The Army doesn’t get a pass on innovation either. While it has been saying good things recently about the role of robotics in its future force, the budget needs to match the rhetoric. Key areas for investment are unmanned aircraft, robotic appliqué kits for ground vehicles, and exoskeletons.
One particularly innovative approach is the Army’s plan to replace its Kiowa helicopter fleet with unmanned RQ-7 Shadows and MQ-1C Gray Eagles for forward reconnaissance. Internal pre-decisional documents leaked in January showed a cut of nearly $400 million to the Army’s Shadow program over the next five years, but smarter heads must have prevailed because Shadow is funded in the budget.
Other Army unmanned investments show a mixed picture. Small unmanned ground vehicles like those that have been useful in defusing bombs over the last decade are well-funded. Exoskeletons and robotic appliqué kits that could allow the Army to field thousands of robotic vehicles at a very low cost using existing platforms are missing in the budget, however.
One of the dirty secrets of the U.S. defense establishment is that dependence on space is a major Achilles heel for the U.S. military and nobody knows what to do about it. The U.S. military depends on satellites for communications as well as the position, navigation, and timing functions enabled by GPS. A number of countries are developing a range of anti-satellite weapons that could damage, disrupt, or destroy vulnerable satellites. Putting more satellites in orbit is generally a losing proposition because satellites are expensive and additional missiles to shoot them down are cheap. The U.S. needs a new approach.

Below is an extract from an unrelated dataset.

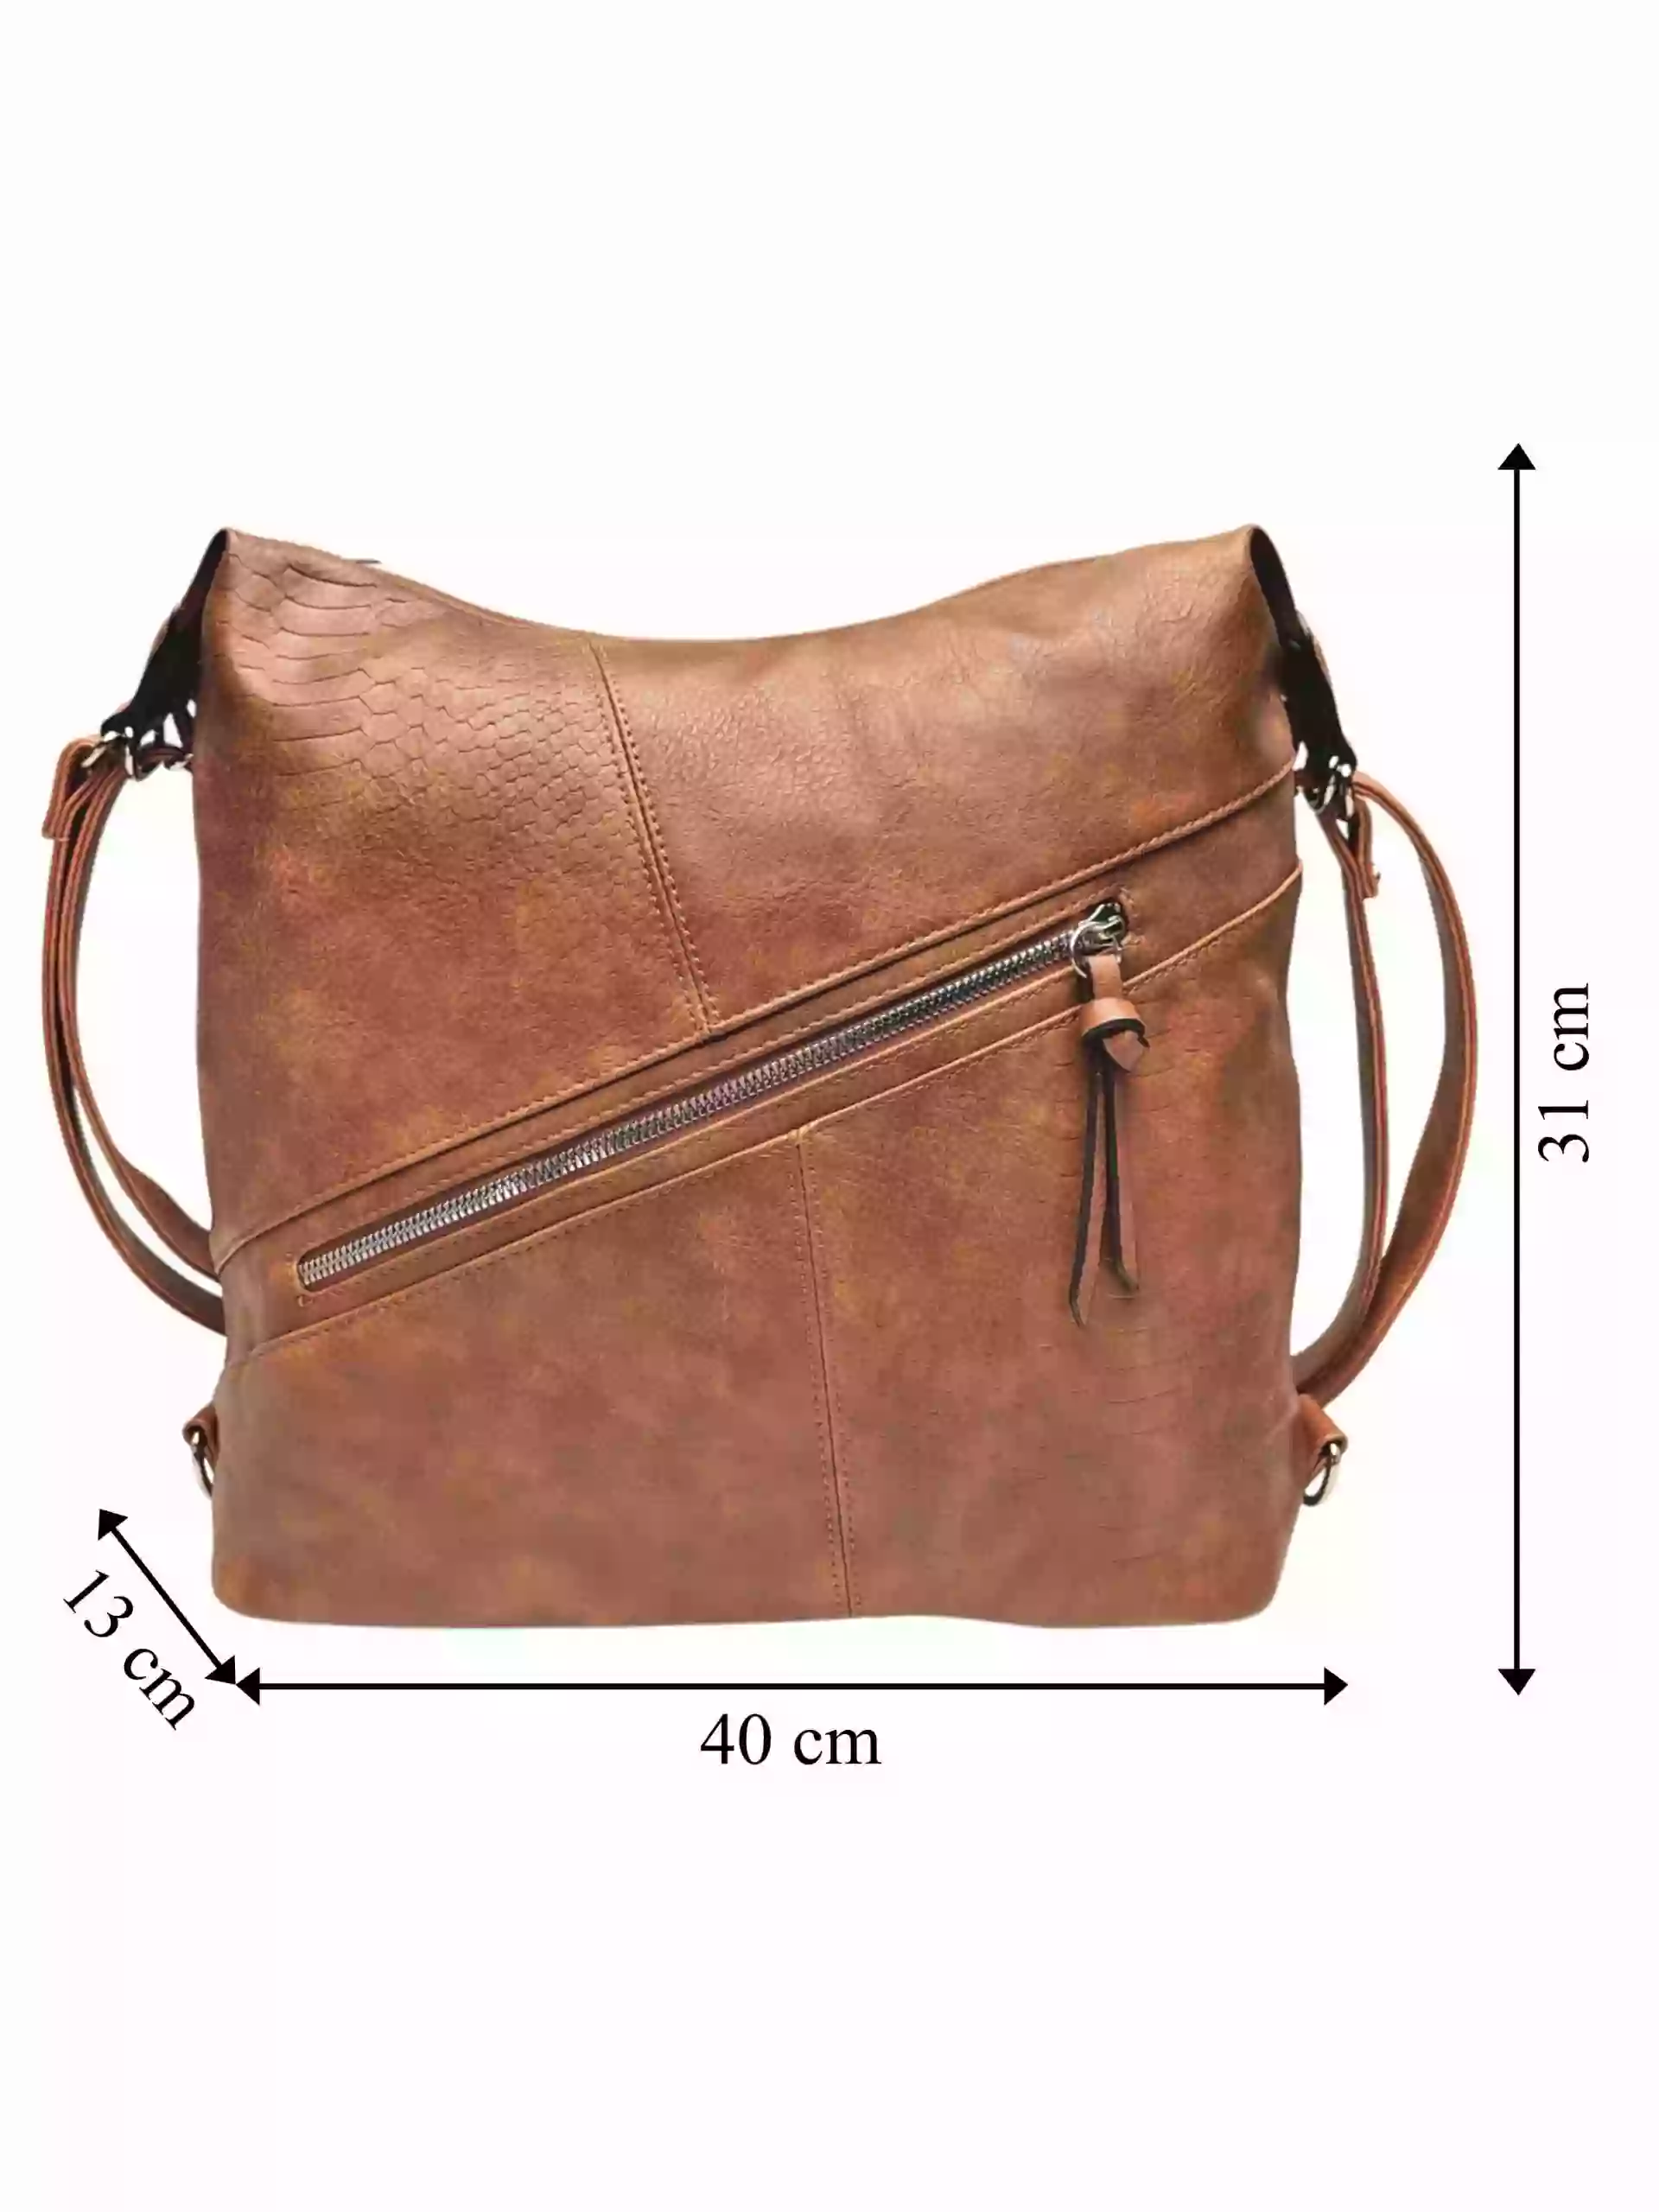 Velký středně hnědý kabelko-batoh z eko kůže, Tapple, H18077, přední strana kabelko-batohu 2v1 s rozměry

There are no easy solutions, but one potential mitigating step is to build a network of high-altitude, long-endurance unmanned aircraft that can act as pseudo-satellites, or “pseudolites,” to form a backup airborne layer for communications and navigation. An airborne layer couldn’t replace satellites entirely, and wouldn’t necessarily be cheap, but some kind of backup layer is absolutely critical if satellites were to be disrupted. A functional aerial layer could also help reduce the attractiveness of U.S. satellites as a potential target for an adversary, since taking satellites out would no longer be crippling to the United States. A key piece of this network is the Battlefield Airborne Communications Node (BACN), which has been fighting an uphill battle for funding. Even though BACN has already been tested and proven on the Global Hawk, it wasn’t funded in the budget.
Who hates innovation?
DoD’s budget paints a mixed picture of whether the Department is actually following through on the QDR’s call for innovation. On the one hand, high-level programs that rise to the Secretary’s attention like the long-range bomber are well-funded. Lower visibility programs are often not, however.
It’s worth pointing out that no one thinks being innovative is a bad idea, but whether DoD actually makes investments in these and other key areas comes down to priorities. Lean budgets are especially tough on new programs as bureaucratic stakeholders protect existing projects. It isn’t that anyone will argue the DoD shouldn’t do these things, but rather that it can’t afford the luxury of these investments. The problem is that Secretary Hagel was right when he said that
…the development and proliferation of more advanced military technologies by other nations … means that we are entering an era where American dominance on the seas, in the skies, and in space can no longer be taken for granted.
In this future, the real problem is not that DoD can’t afford to make these investments, but that it can’t afford not to.
Paul Scharre is Fellow and Director of the 20YY Warfare Initiative at the Center for a New American Security.